Un cauchemar s’achève, un autre débute. Son ex-compagnon reçoit «un faux e-mail délivré par le Jugendamt qui lui disait que l’autorité parentale était partagée, alors que c’était faux», affirme-t-elle.
«J’ai ensuite reçu en France un courrier du tribunal allemand, qui me donnait une semaine pour me positionner sur une demande du père, à savoir le droit de décider du lieu de résidence de l’enfant.» Elle conteste, sûre de son bon droit.
Sonnée par l’injustice
Elle reçoit alors une convocation au tribunal de Sarrebourg. «Je m’y suis présentée en pensant qu’il s’agissait d’une audience de conciliation. Il s’agissait en réalité d’une audience en référé (NDLR : qui permet d’adopter rapidement des mesures provisoires dans l’attente du règlement d’un litige). Je me suis vraiment fait avoir. En entrant dans ce tribunal, je n’avais aucune chance de ressortir avec mon fils.» Durant l’audience, la juge a partagé l’autorité parentale en faveur du père, qui obtient le droit de décider du lieu de séjour principal de l’enfant. «L’Allemagne, à travers son système familial, avait tout simplement planifié le vol de mon fils, au mépris du droit élémentaire.»
Une injustice qui la laisse sonnée. «Je vois encore mon avocate me dire, au premier rendez-vous : « Ne vous inquiétez pas, on ne retire jamais un enfant de 5 ans à sa maman. » Moi, j’étais partie rassurée. Et mon désir n’a jamais été de couper mon enfant de son papa, depuis des mois on réfléchissait à des solutions pour une garde alternée. J’aurais pu habiter à Sierck-les-Bains, lui à Perl, l’enfant aurait pu continuer à aller à l’école maternelle allemande, cela m’était égal.»

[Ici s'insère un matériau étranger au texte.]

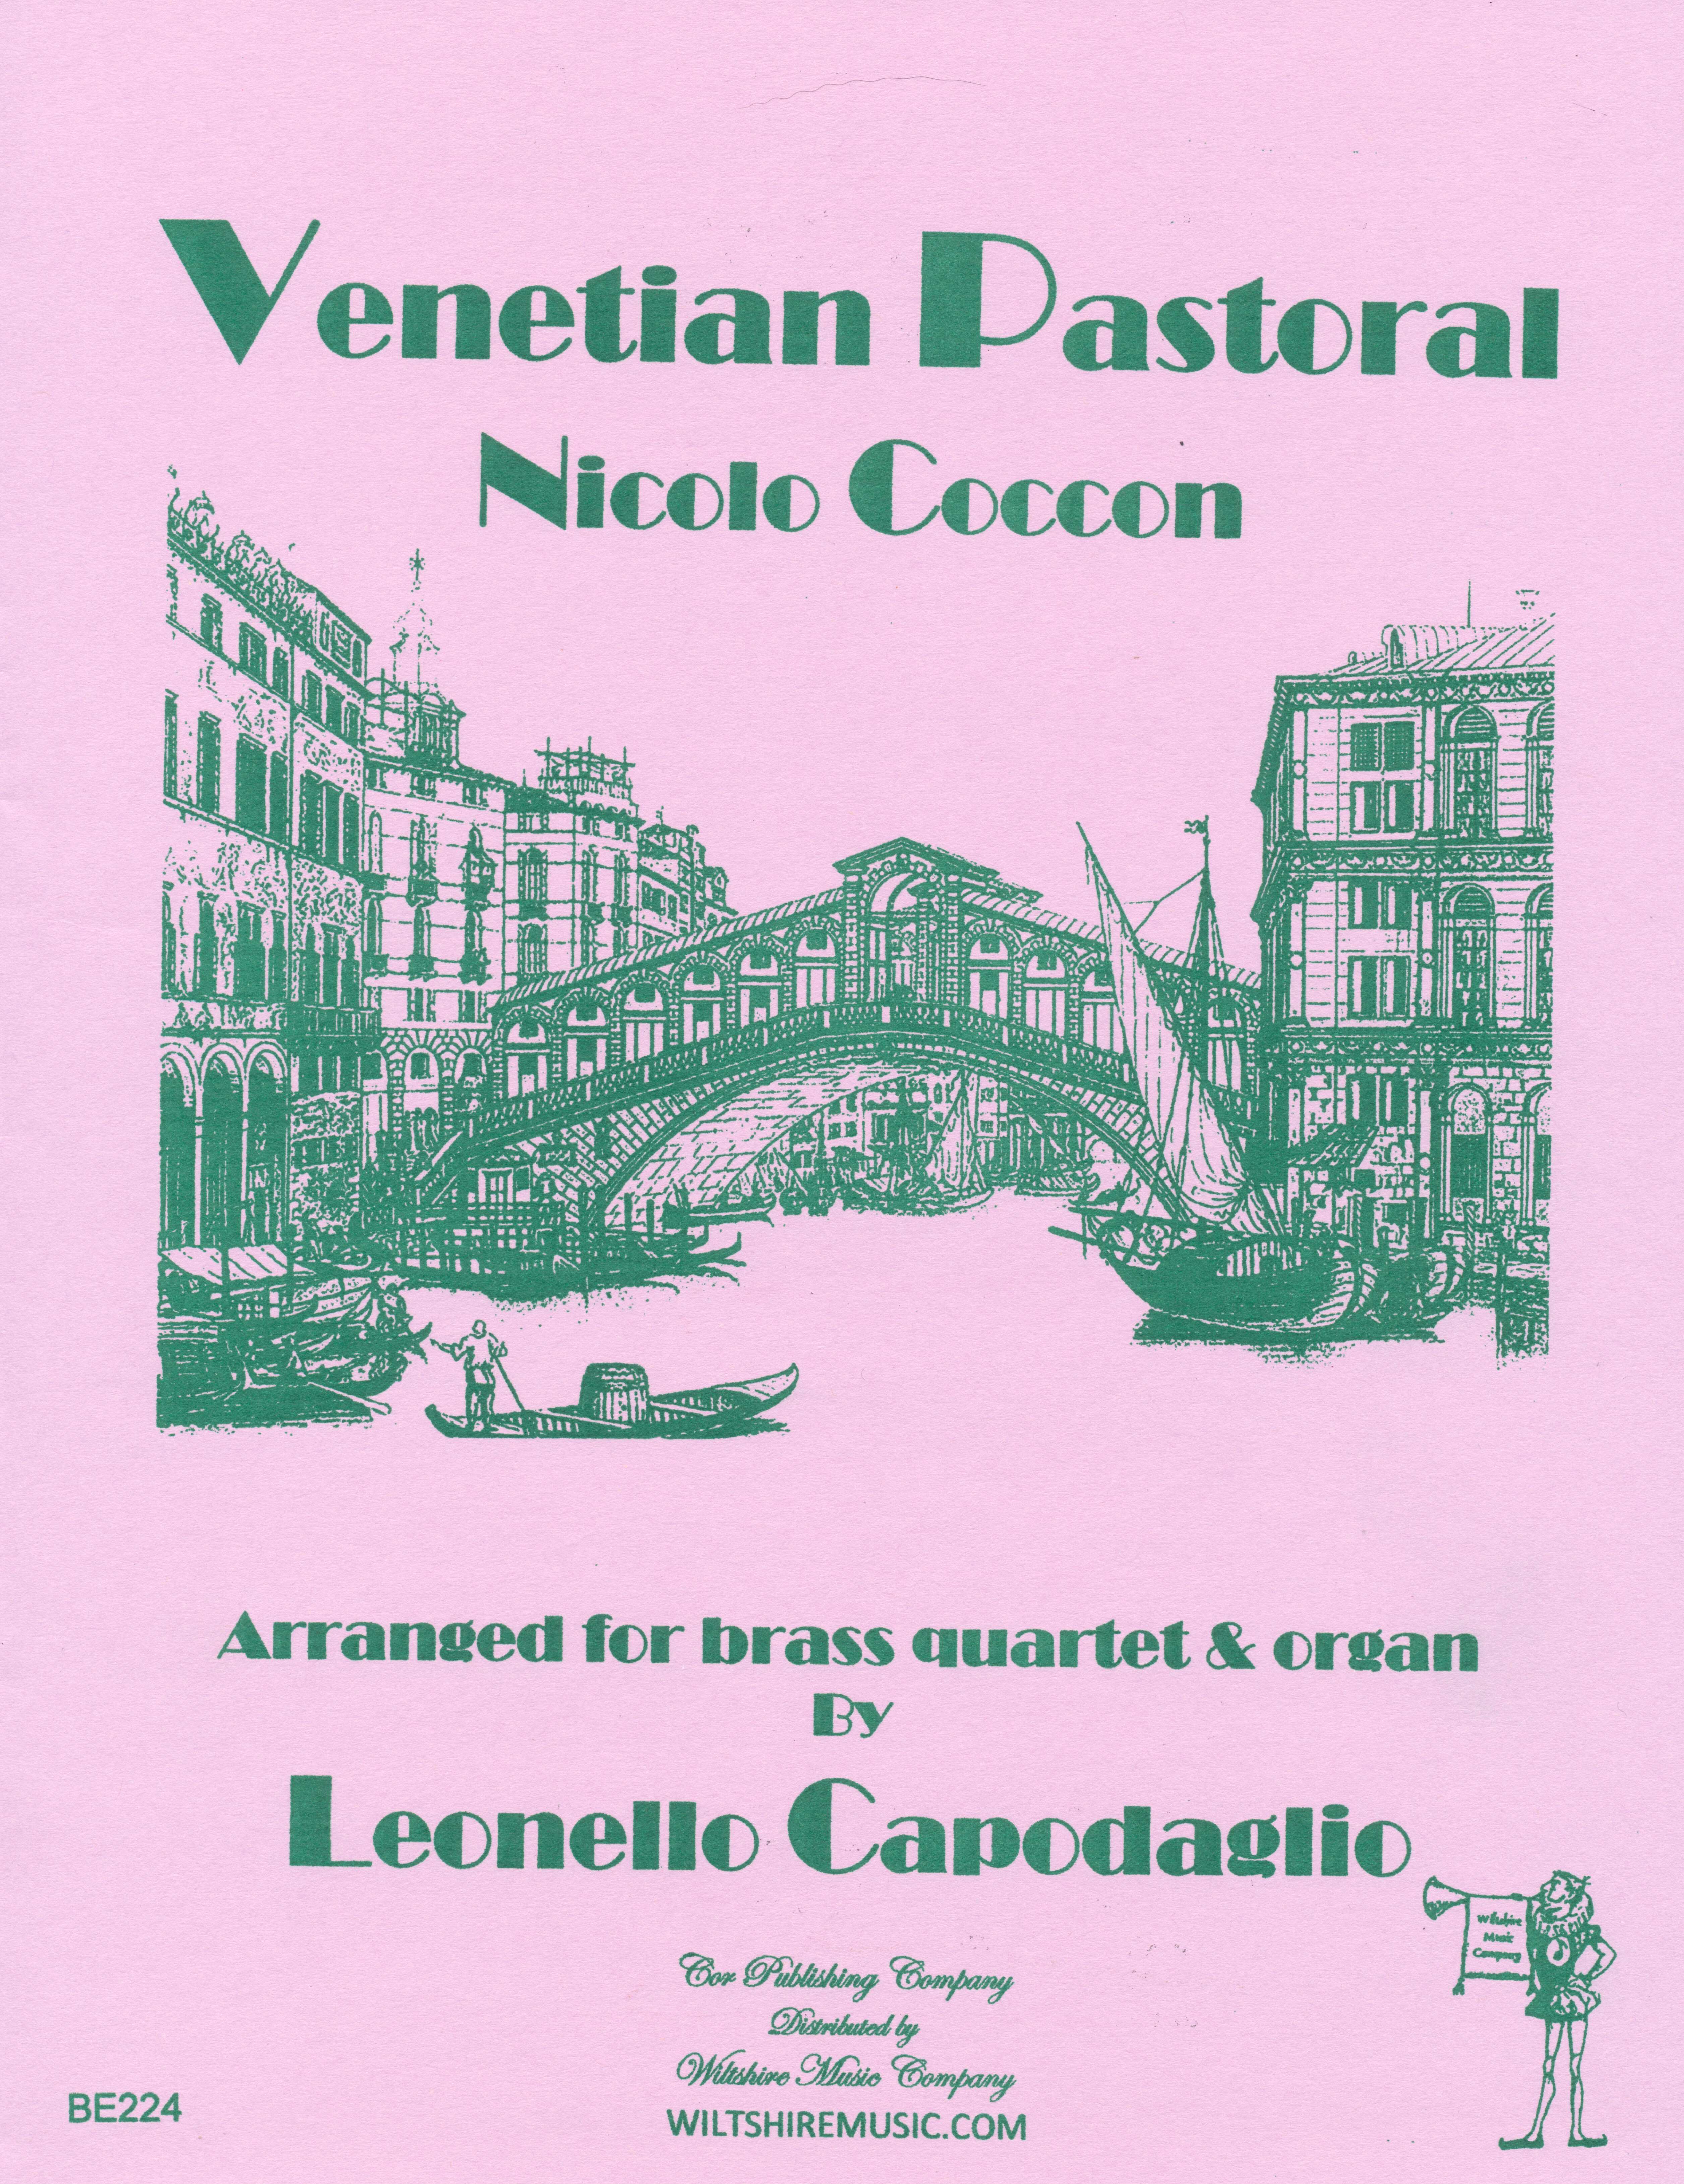 Venetial Pastoral, Niccolo Coccon, arr. L. Capodaglio, brass qua

Sa famille aussi accuse le coup. «On a toujours vécu à la frontière allemande, mon parrain est allemand, j’ai des proches qui bossent en Allemagne… On ne pensait pas qu’une telle chose pouvait arriver dans ce pays.»

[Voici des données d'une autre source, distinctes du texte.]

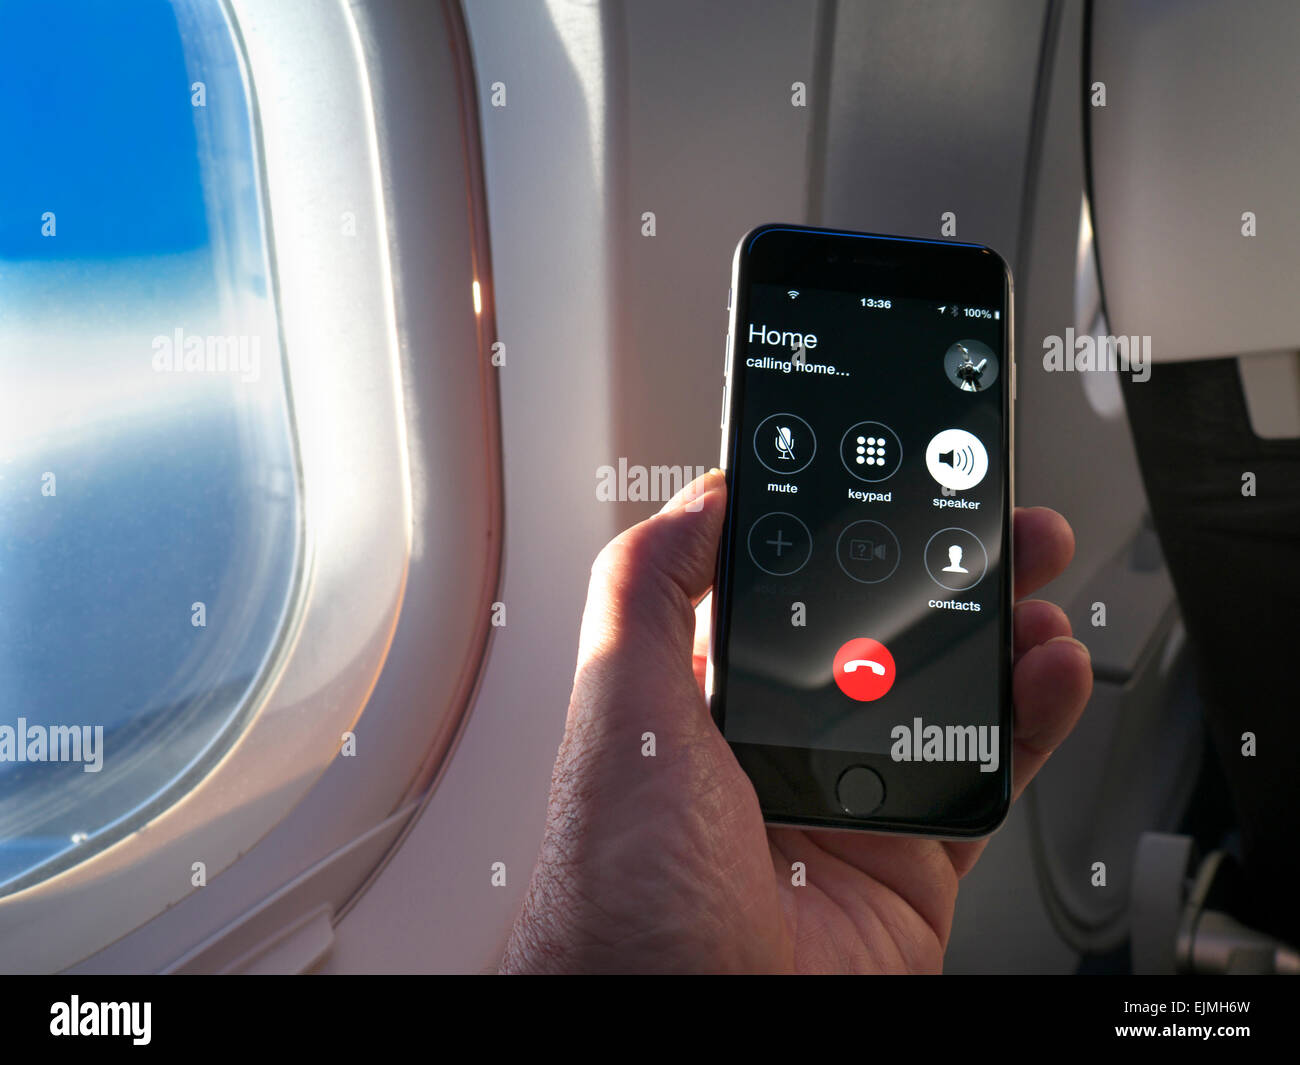 Smartphone iPhone portable avec écran d'appel « home » en vol, avec aile de fenêtre de cabine et ciel bleu derrière Banque D'Images

Durant les quatre mois qui la séparent du jugement, Séverine ne voit son fils qu’un week-end sur deux.
Arrive le jour du jugement. «Après deux heures, j’ai bien vu que je n’arriverais pas à récupérer la garde. Donc, mon avocate m’a dit que je devais faire un choix : soit continuer à voir mon fils 4 jours par mois, soit retourner vivre en Allemagne pour réintégrer notre maison commune. J’ai accepté de rentrer.» Le «bon» choix : «Les juges n’auraient pas tenu compte du fond juridique. Ils se seraient retranchés derrière le bien-être de l’enfant, parce qu’il était rescolarisé en Allemagne.»
Un lourd prix à payer
Elle négociera encore deux heures pour obtenir un compromis : la garde alternée. Une victoire au goût amer. «Désormais, je vois mon fils une semaine sur deux au prix d’une cohabitation conflictuelle avec mon ex-conjoint et de déplacements coûteux.»

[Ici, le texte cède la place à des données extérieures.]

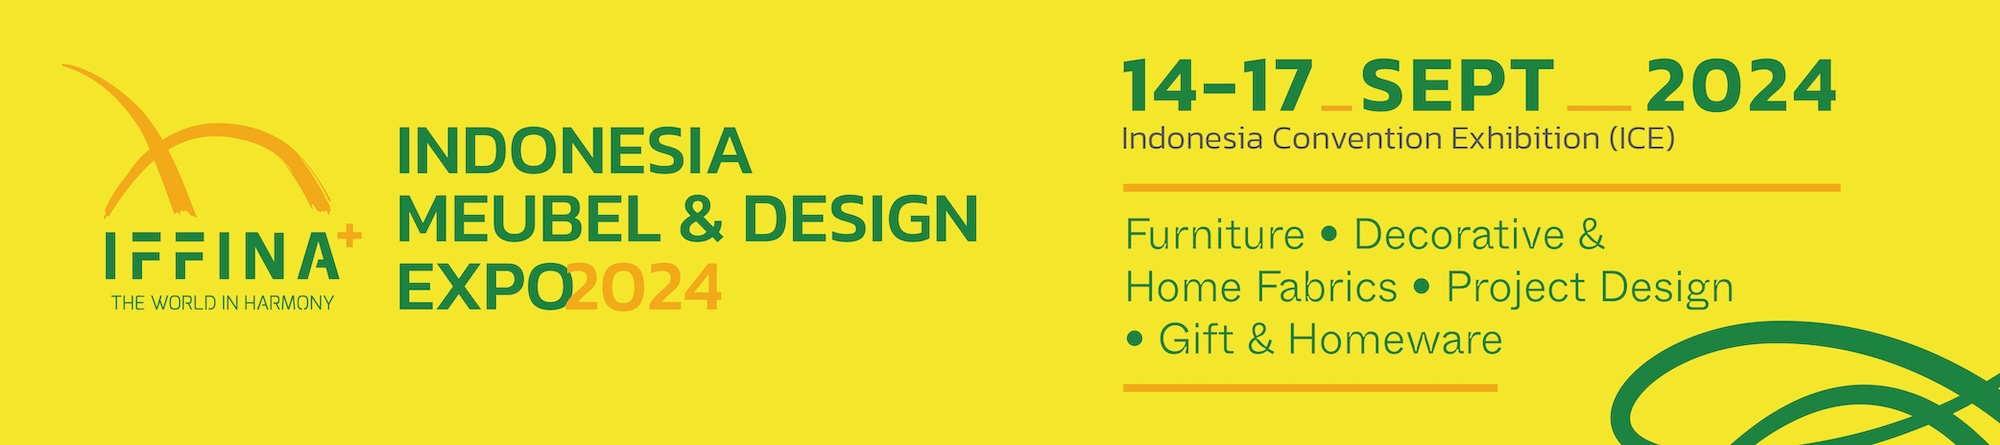 iffina (indonesia meubel & design expo 2024)

Car le prix est lourd à payer : d’abord, retourner dans la maison qu’elle avait fuie. Heureusement, il s’agit d’une grande maison scindée en deux : elle vit à un étage, et lui à un autre. Mais la proximité est très pesante. «Je voudrais bien vendre ma part de la maison et quitter cet endroit, mais on me l’a déconseillé, car si je déménage, ils pourraient me reprocher de ne pas privilégier le bien-être de l’enfant.»
Quand elle n’a pas la garde, elle retourne vivre chez ses parents. «Évidemment, c’est à moi de payer tous les frais de déplacement. Et si demain, le père déménage à Berlin, je devrais me débrouiller pour aller voir mon garçon. Je ne vois pas comment je peux refaire ma vie en Allemagne, à 80 km de mon lieu de travail (dans une collectivité territoriale du Nord mosellan). Je suis bloquée. Totalement bloquée.»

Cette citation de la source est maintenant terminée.